The pressure was really on now; they were calling in backup. Three staff members were now on the other side of the counter and the line behind me was getting pretty long. What else could I do. Then I saw it, the holy grail, the way out of this mess. And I knew what I had to do. I would lose a few points off my ego, but that was a price I was willing to pay, no a price that needed to be paid. I had used enough of these people’s time! I pointed and said “sore wa onegai shimasu”. I saw that look, a golden look, a look of simultaneous relief, a look of connection, a look of understanding, we were making it somewhere. And with one swift move, she threw the paper in front of me. So simple, so clean, so easy to understand. I was staring at the picture menu for McDonalds, and I couldn’t be happier.

Moments like this tend to happen pretty frequently when living in a country so linguistically different as Japan. These moments are particularly important on a number of levels. They are the ones in which you learn the most. Not only does it drill into memory vocabulary and grammar patterns, it also provides many valuable personal lessons. In that moment you are putting yourself out there.

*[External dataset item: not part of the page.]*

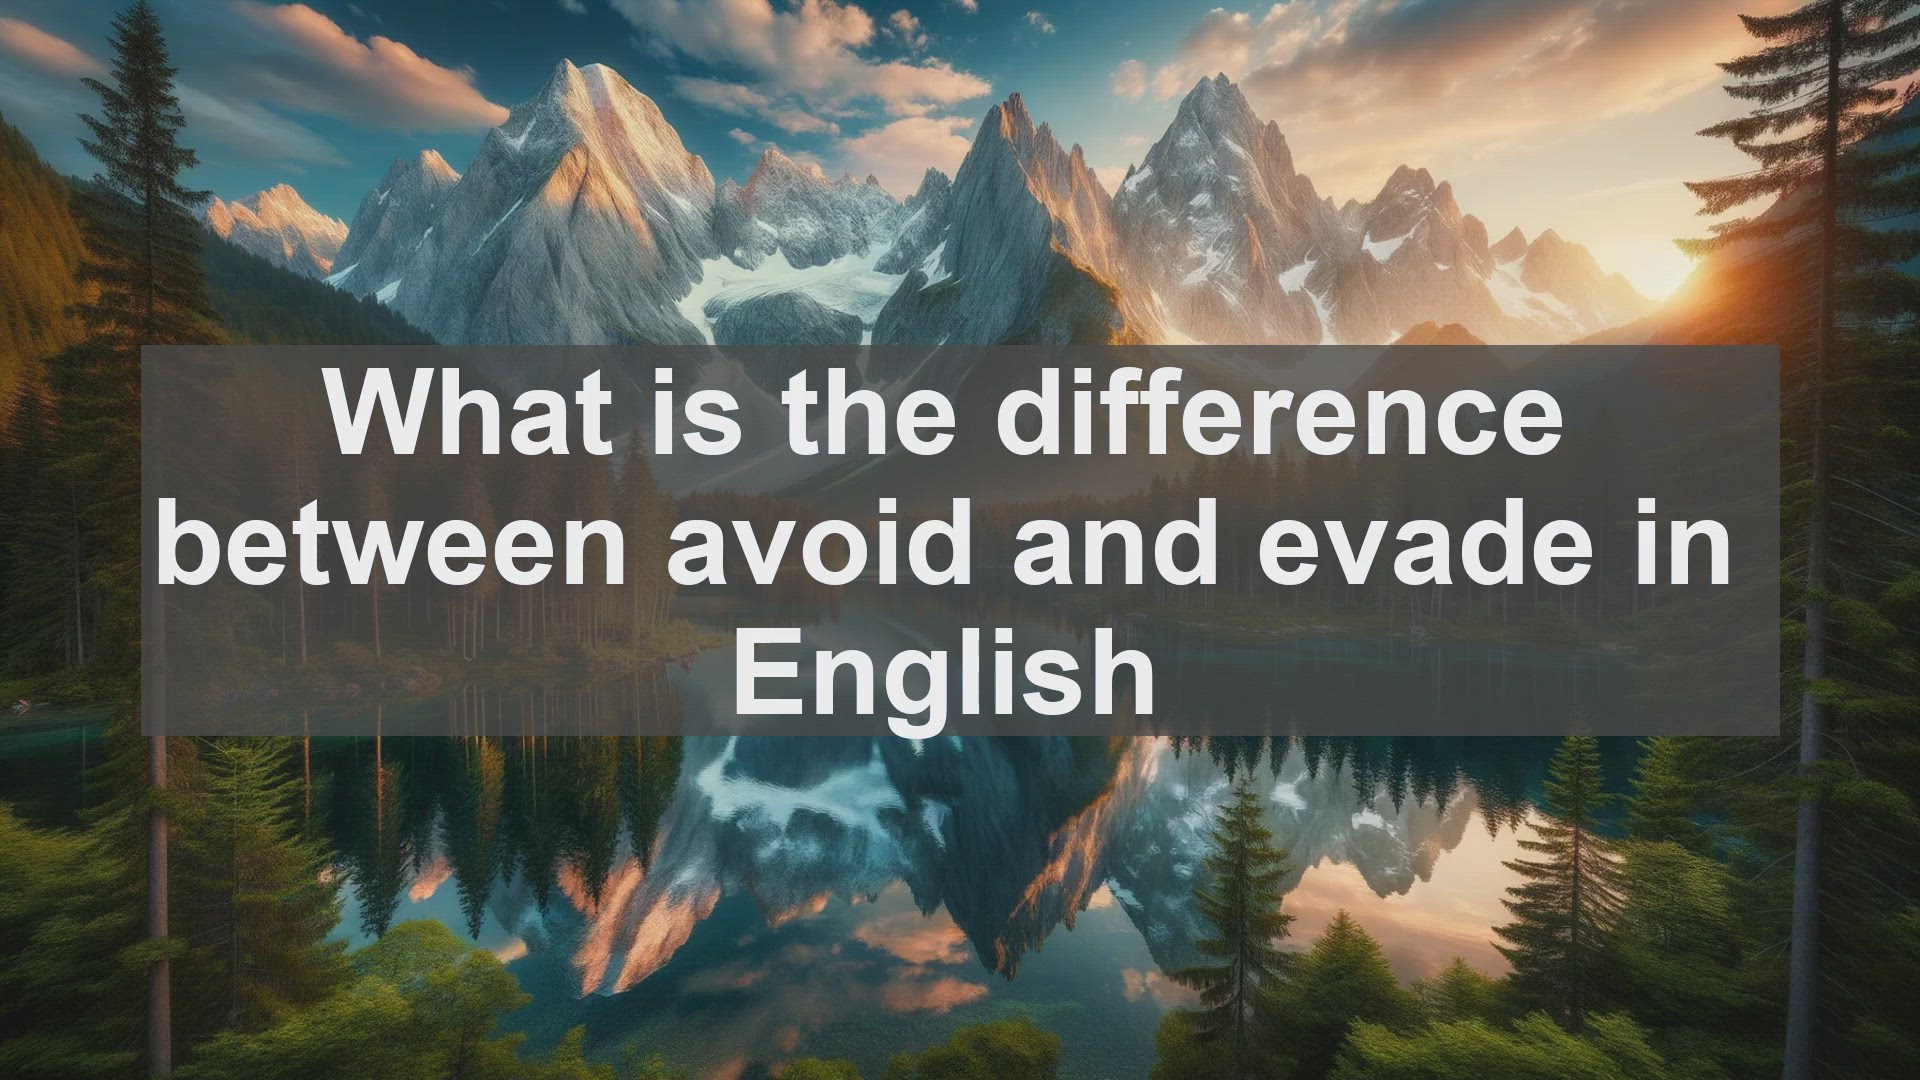 What is the difference between avoid and evade in English?

For that moment you are curbing your ego and letting yourself look like a fool. In that moment you learn what so many foreigners have felt in your home country. It is truly the essence of traveling. You immediately understand so many people, and have a deep gratitude for all those willing to work with your limited language knowledge to help you out. Everyday people who will go out of their way to make sure you get where you need to be safely. A lot of times these encounters end up in a contest of charades. Creating new and unique visual ways to describe “I missed my bus” or “I’m lost and need directions”. After so many of these experiences your confidence begins to rise as you realize that no matter the obstacle, with enough time and patience, you can overcome it.

And that is what Studying Abroad is truly about, learning and growing. Meeting and overcoming new challenges. Experiencing a different culture, and understanding a different viewpoint. With just 1 month in Japan I have already learned so much. Living on the other side of the world is an experience like no other. And I can’t wait to see what the next 3 months have in store.